Unless the writing is completely legible and usually modern, even advanced Optical Character Recognition (OCR) systems give rise to transcription problems and provide results with many errors that need to be edited afterwards, a time-consuming process.

The Computational Perception and Learning Research Group in the Computer Languages and Systems Department at the Universitat Jaume I, in collaboration with the Universidad Politécnica de Valencia, have developed a new assisted system for the transcription of written text called 'State',  a transcription system that integrates a series of tools with which images can be processed in order to remove noise and clean up the original image.

State system document transcription OCR
State is a new assisted system for the transcription of written text.  Credit: Universitat Jaume I
With State, the page structure can be detected, the text can be recognized and mistakes can be quickly and easily edited with interactive tools such as an electronic pen applied directly on the text. Andrés Marzal, one of the researchers in the project, says,“It is a practical solution to the problem of a supervised transcription, since it shortens the most time-consuming phase, that is, editing the automatic transcription so that it is true to the original.”

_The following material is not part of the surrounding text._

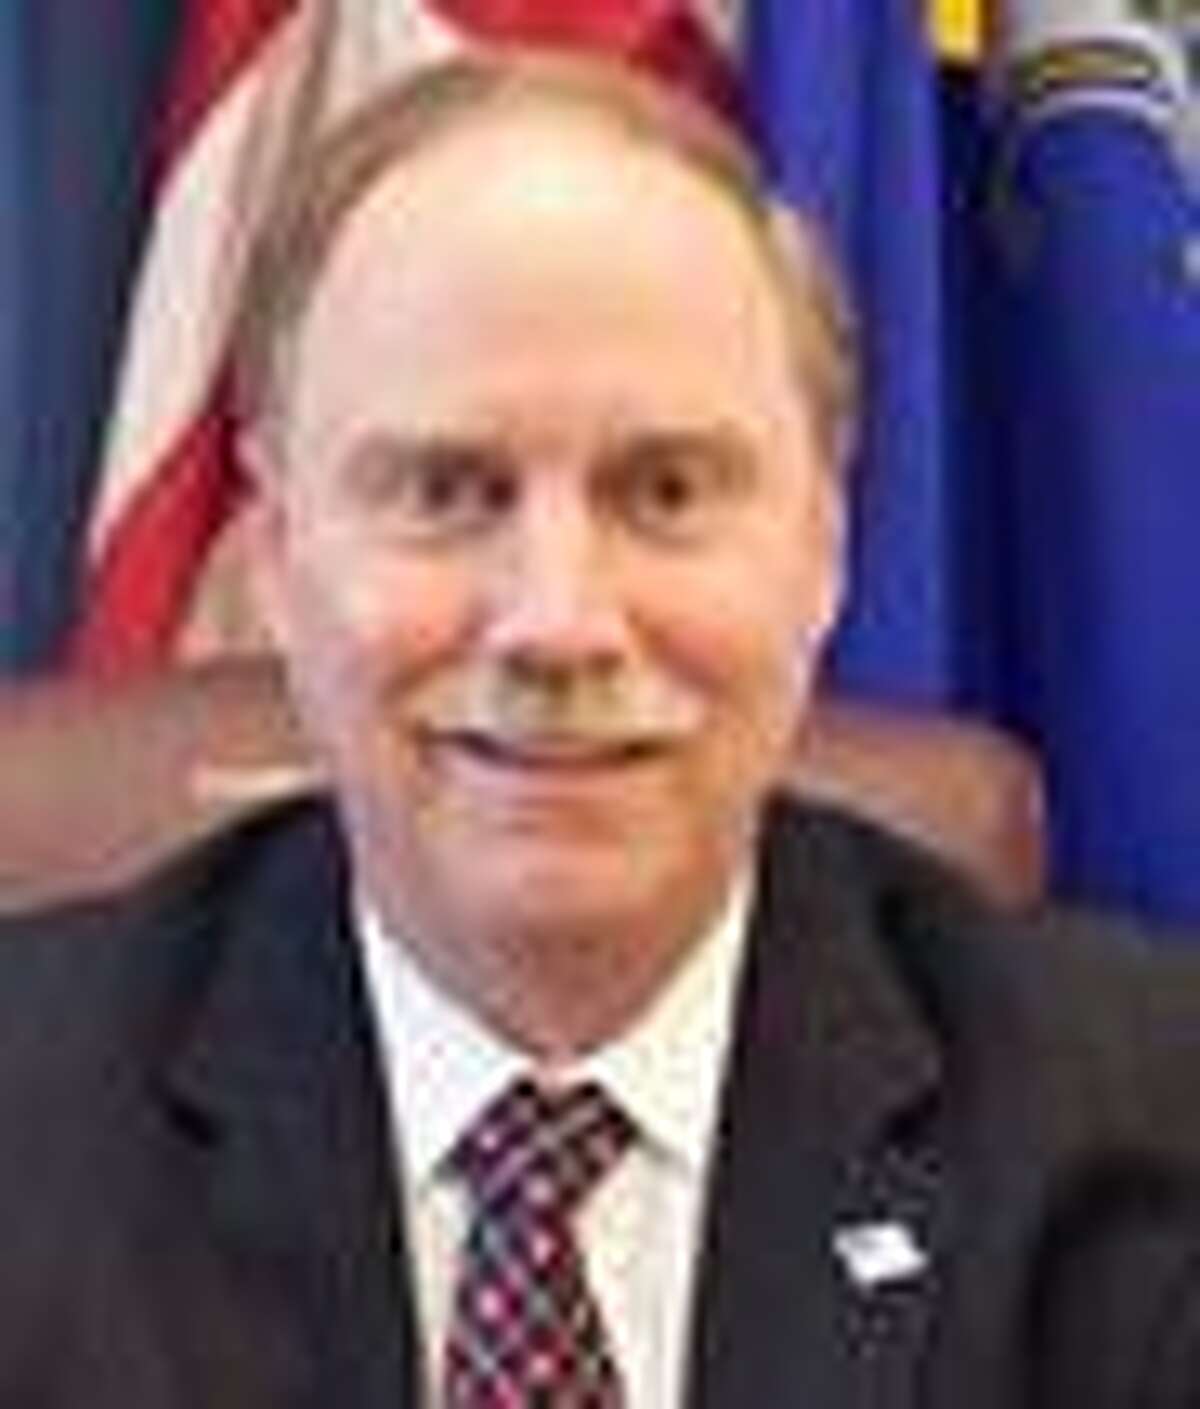 State Sen. Michael McLachlan

The researchers say State makes it possible to save up to 50% of the time devoted to transcribing and correcting ancient texts and manuscripts, depending on the error rate offered by the OCR used, which means many hours in the case of digitisation of large documentary resources.

One of the main contributions of State is the architecture of the system: the recognition engine is run in a machine different to that of the users, who connect to it simultaneously through the Internet and access the recognition engine via a web service to which they subscribe in order to obtain transcriptions on demand. Another advantage of this new system is the use of an adaptive server, that is, one that learns from examples. A natural work method consists in sending what one of the transcribers considers to be worth learning to the server, which can generate an improved version of the OCR that is immediately made available to all users.

“This is a very flexible and changeable tool because during one single session it allows users to connect to several recognition engines or to adapt the engine to the features of a specific document. It also offers business models in which invoicing is carried out in terms of transcription workflow,” Andrés Marzal points out.

Finally, researchers have also worked on a multimodal interface to make it easier for transcribers to handle this tool. Although the current version is used with a mouse, a keyboard and a pen-sensitive screen, plans have been developed for other interaction devices to be incorporated. “Interaction must be as natural as possible, particularly given the fact that users can work for several hours a day. Offering an intuitive interface is a must,” the researcher explains.

The prototype designed by researchers is an alpha version, so it can already be used. In fact, it has been recently installed in the Miguel de Cervantes Virtual Library and will be used in the Jaume I Archive for transcribing ancient documents.

As a new line of work, the Computational Perception and Learning Research Group at the UJI is considering the implementation of other OCRs specialised in certain kinds of typography that are frequent in ancient texts. In the medium term, new devices are also expected to be incorporated into the application, including touch or multitouch screens or voice.

“We have to head towards what technology offers us at a reasonable price: touch-sensitive screens or the incorporation of voice for executing commands,” says Marzal.